** Opening GIVEN DATA block **

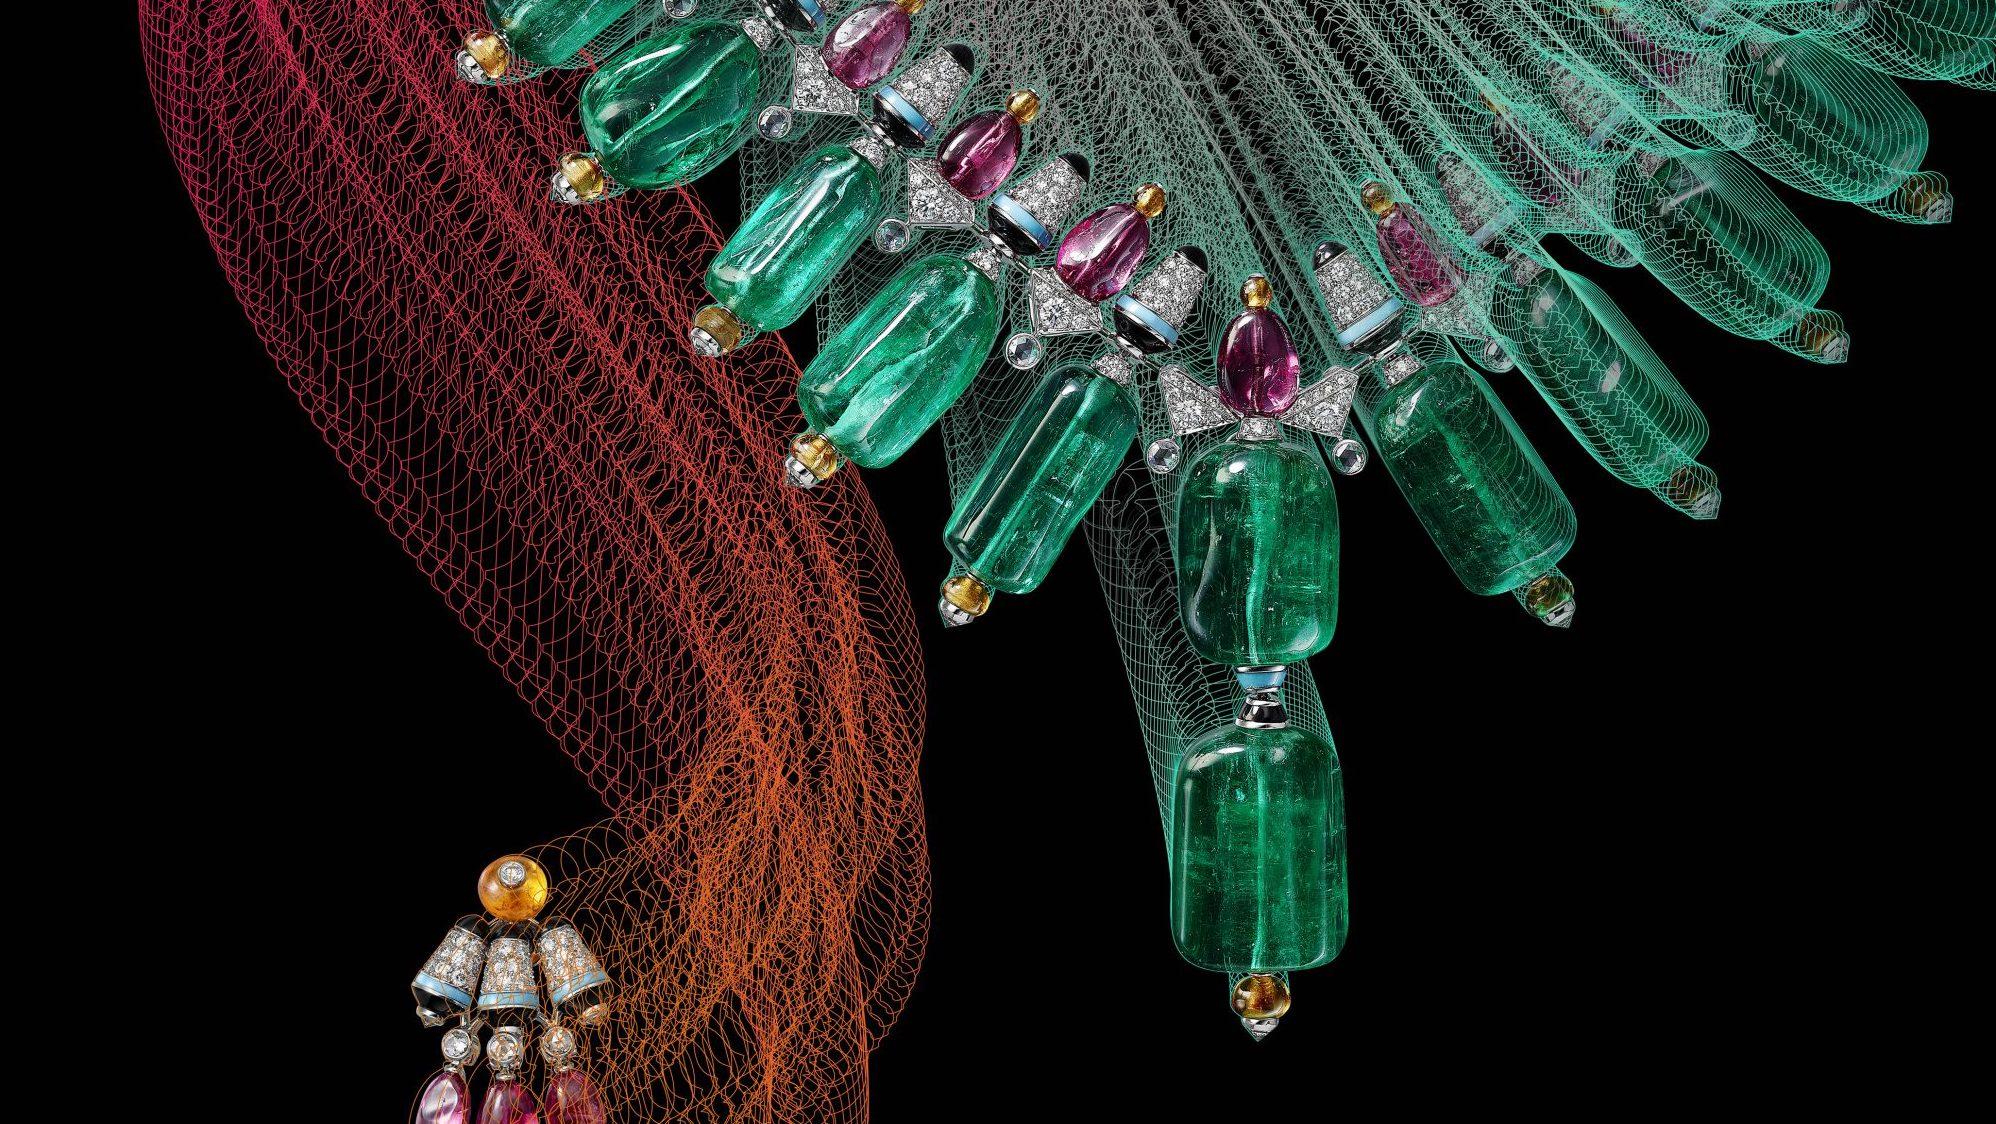 Cartier se reinventa con Coloratura, su nueva colección de joyas
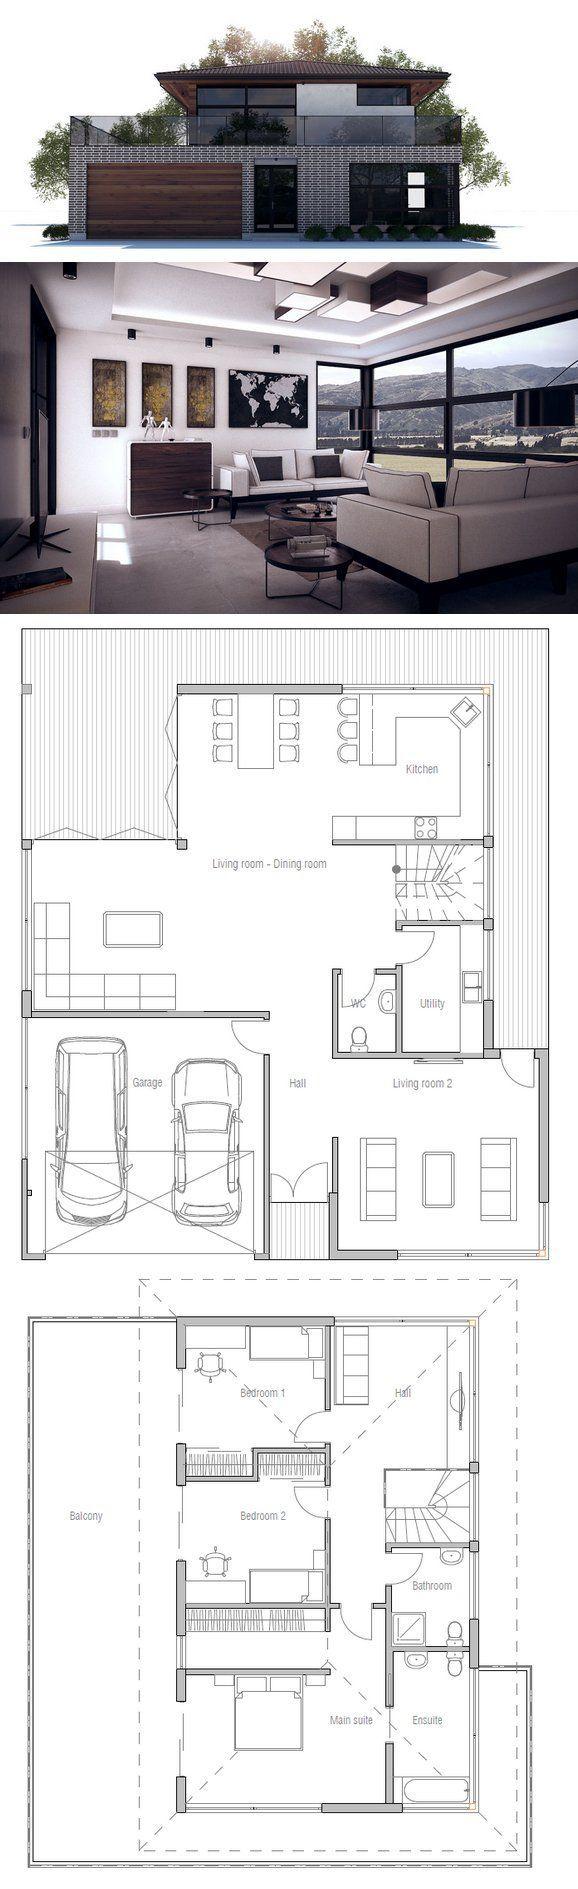 """Über 1.000 Ideen zu """"Moderne Hausentwürfe auf Pinterest ... size: 578 x 1889 post ID: 2 File size: 0 B"""
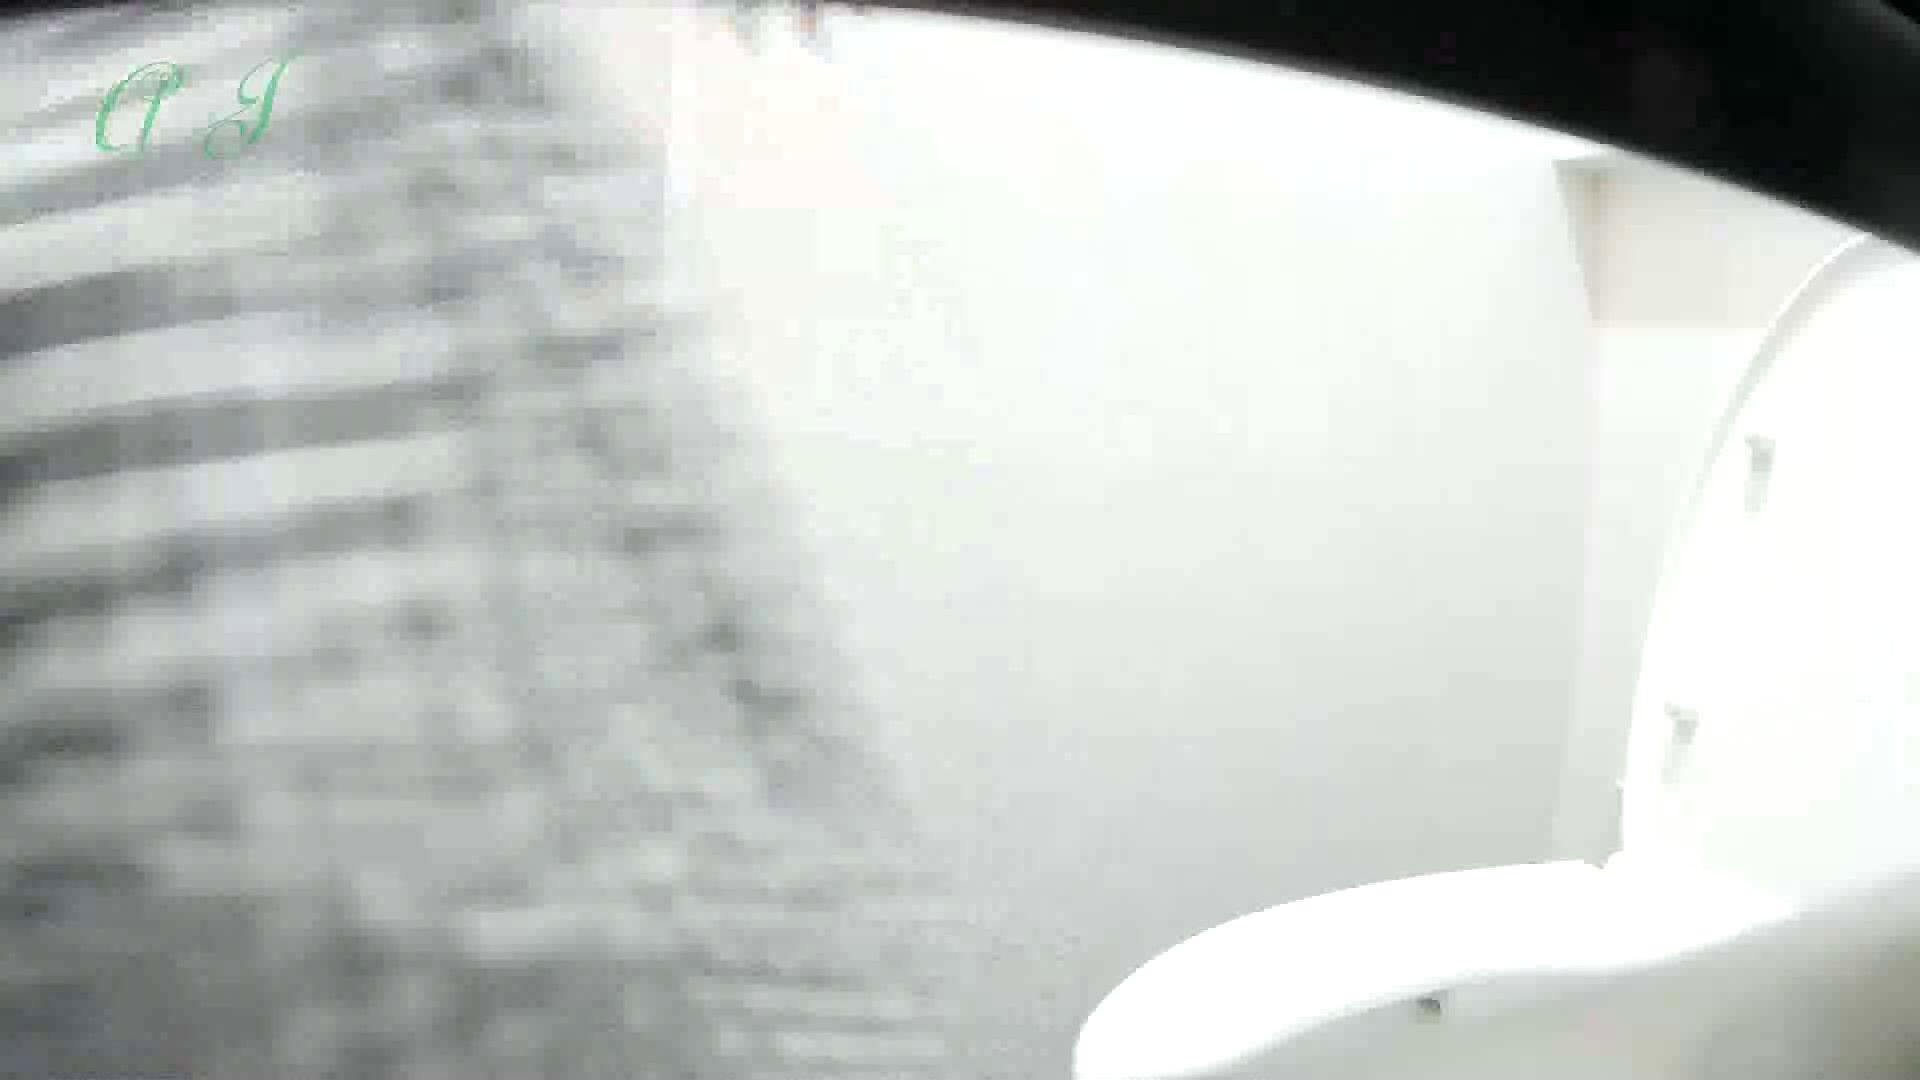 有名大学女性洗面所 vol.67トイレの女神さま♪ 和式 オメコ動画キャプチャ 89PIX 74

** Closing GIVEN DATA block **

Everything in the data except the pictures needs to be written out exactly.

 Cartier se reinventa con Coloratura, su nueva colección de joyas
 """Über 1.000 Ideen zu """"Moderne Hausentwürfe auf Pinterest ... size: 578 x 1889 post ID: 2 File size: 0 B"""
 有名大学女性洗面所 vol.67トイレの女神さま♪ 和式 オメコ動画キャプチャ 89PIX 74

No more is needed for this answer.